The more encouraging IMAX development this weekend may actually be taking place in France. Disney's (NYSE: DIS) TRON: Legacy opens there next week, but the five commercial IMAX screens in France will begin screening it tomorrow.

Think about that for a bit. Studios have historically released their movies simultaneously on IMAX and traditional multiplex screens. What if studios begin tweaking their release windows, giving blockbusters a week or so head start on IMAX back home? Exhibitors would be able to charge a bit more than they typically mark up IMAX and IMAX 3-D screenings.

Studios may be hesitant at first. Would this disrupt marketing campaigns? Would buzz be lost between the two releases?
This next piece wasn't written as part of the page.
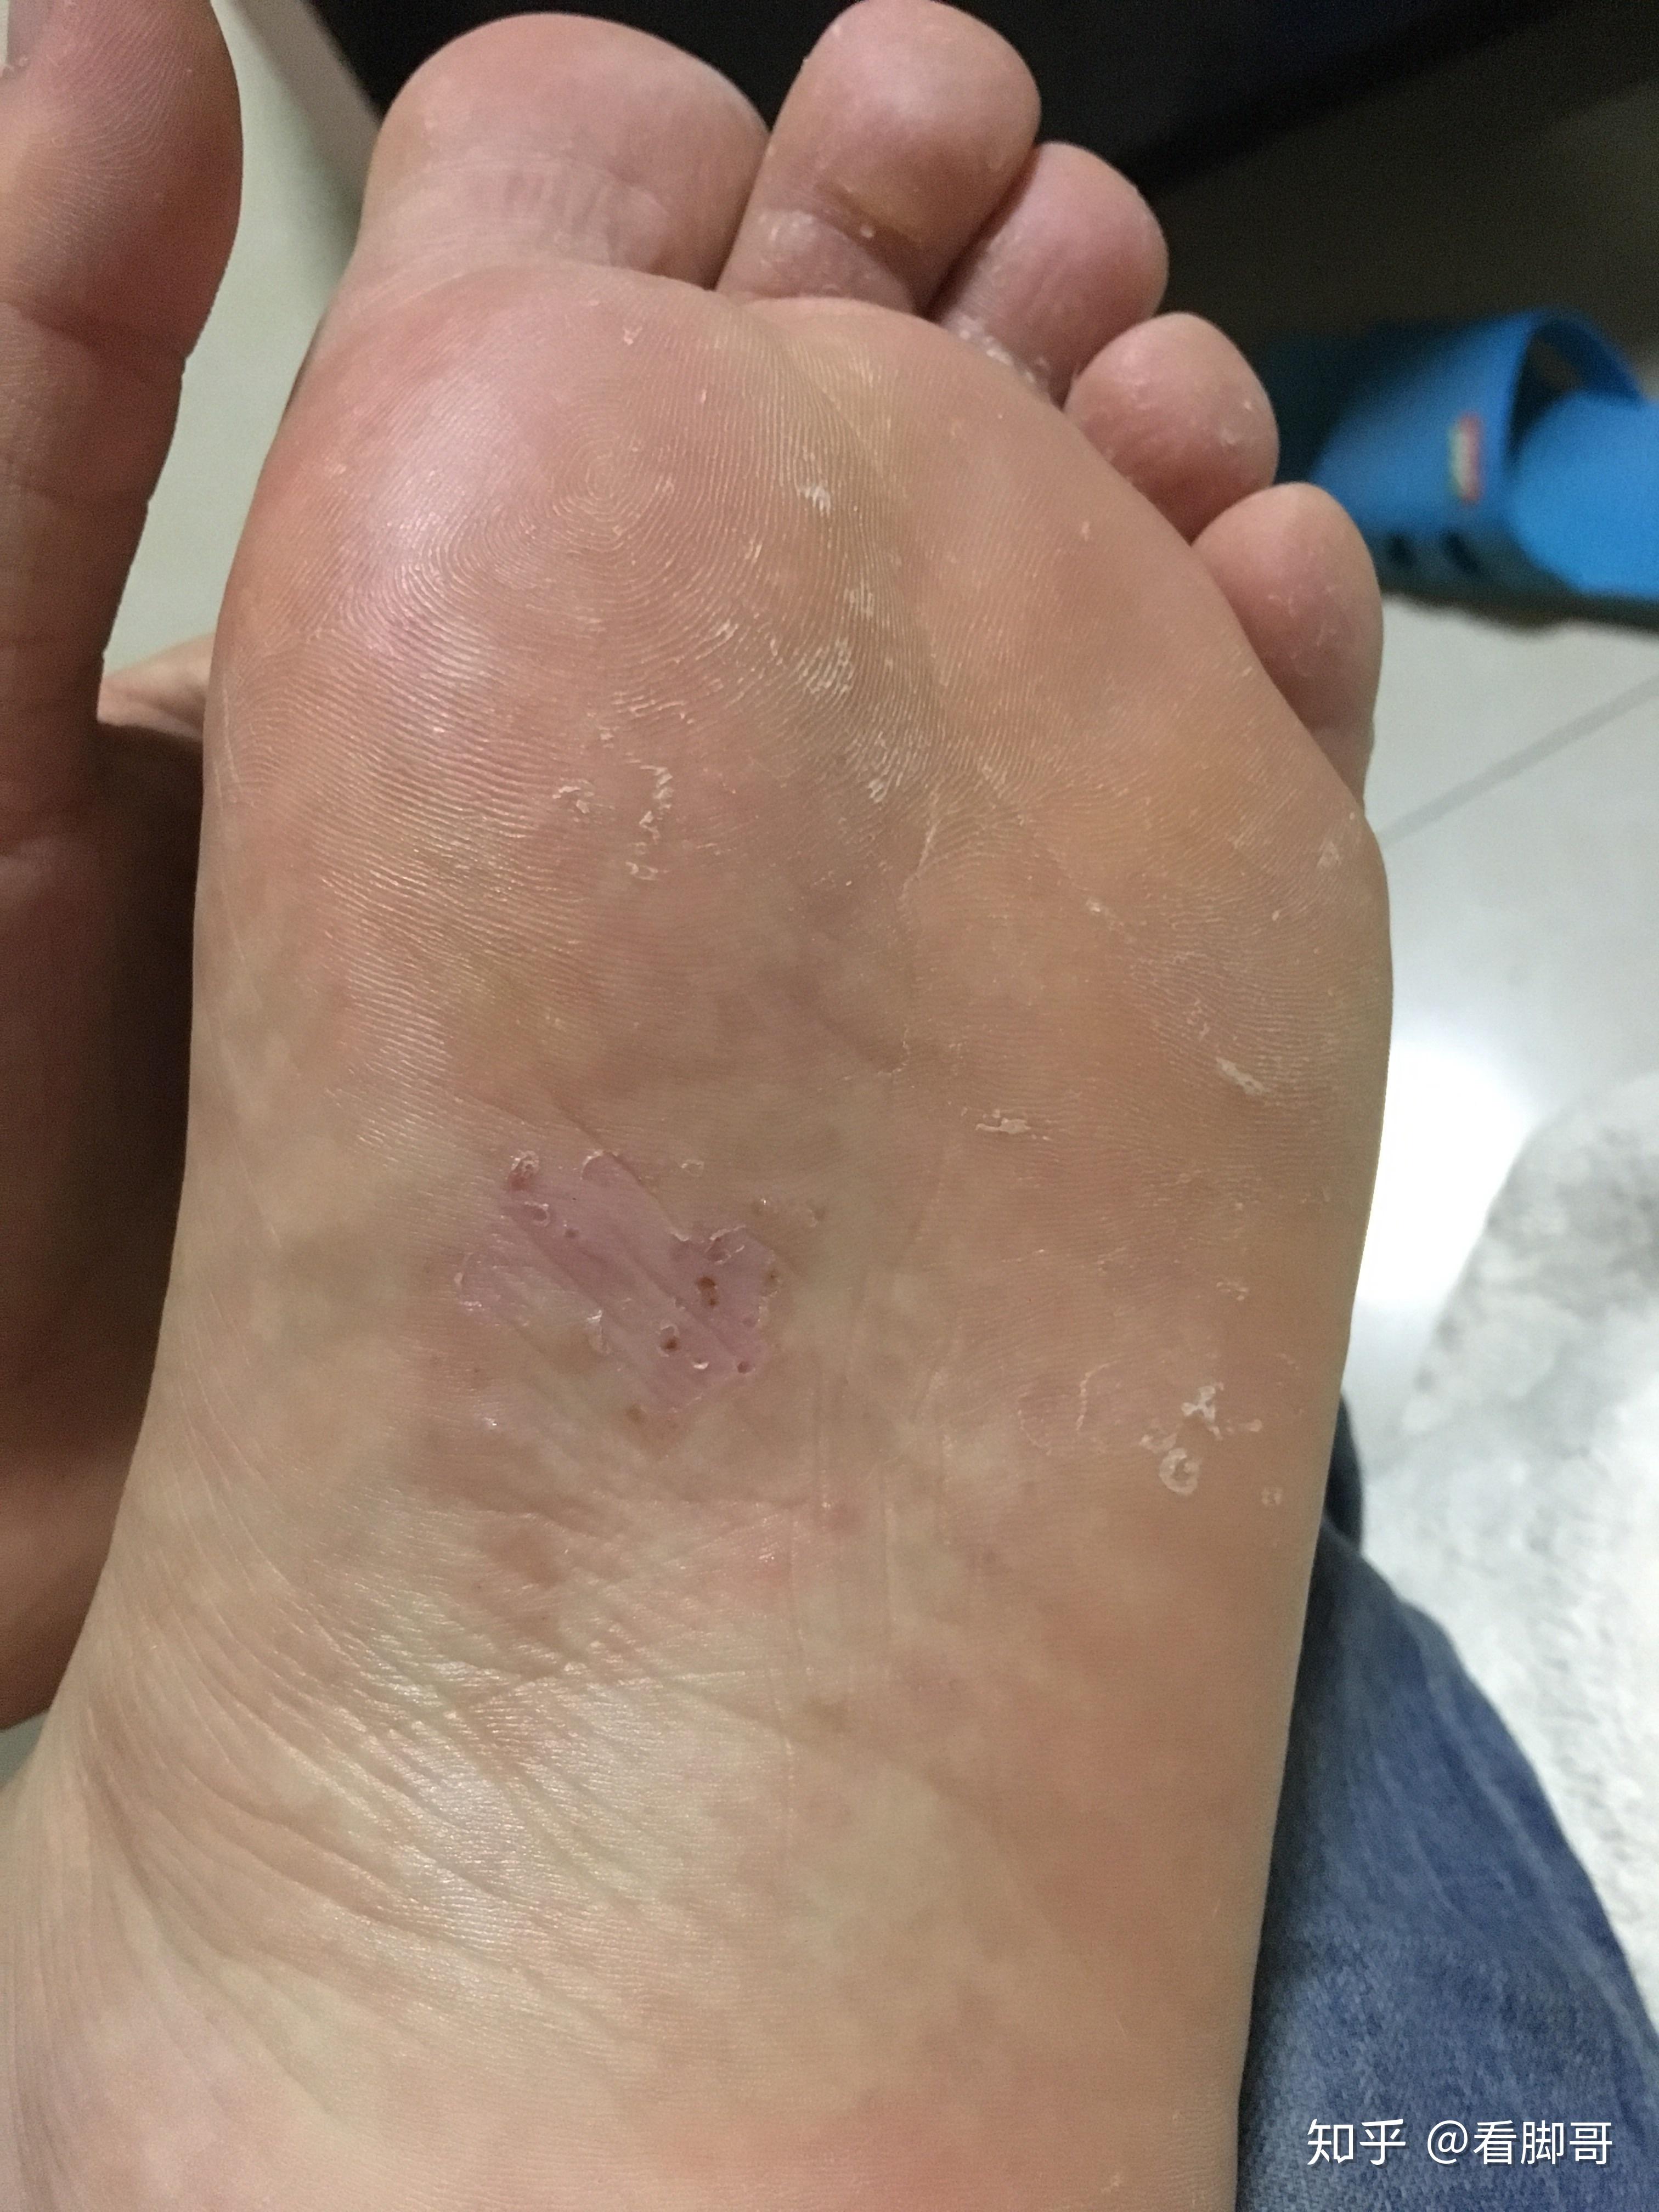 得了香港脚的症状图片,香港脚照片 - 伤感说说吧

However, it would definitely get studios thinking once again about maximizing their IMAX product.

It's already happening. TRON: Legacy has 43 minutes of footage specifically shot to make the most of the IMAX canvas, helping it nab $13 million in global IMAX ticket sales during its opening weekend.

Everybody wins. Studios, IMAX, and exhibitor partners AMC, Regal (NYSE: RGC), and Cinemark (NYSE: CNK) get to divvy up meatier ticket sales. A release's biggest fans can pay up for bragging rights. If this goes over well in France with five screens, just imagine what it could mean for the hundreds of domestic IMAX locations?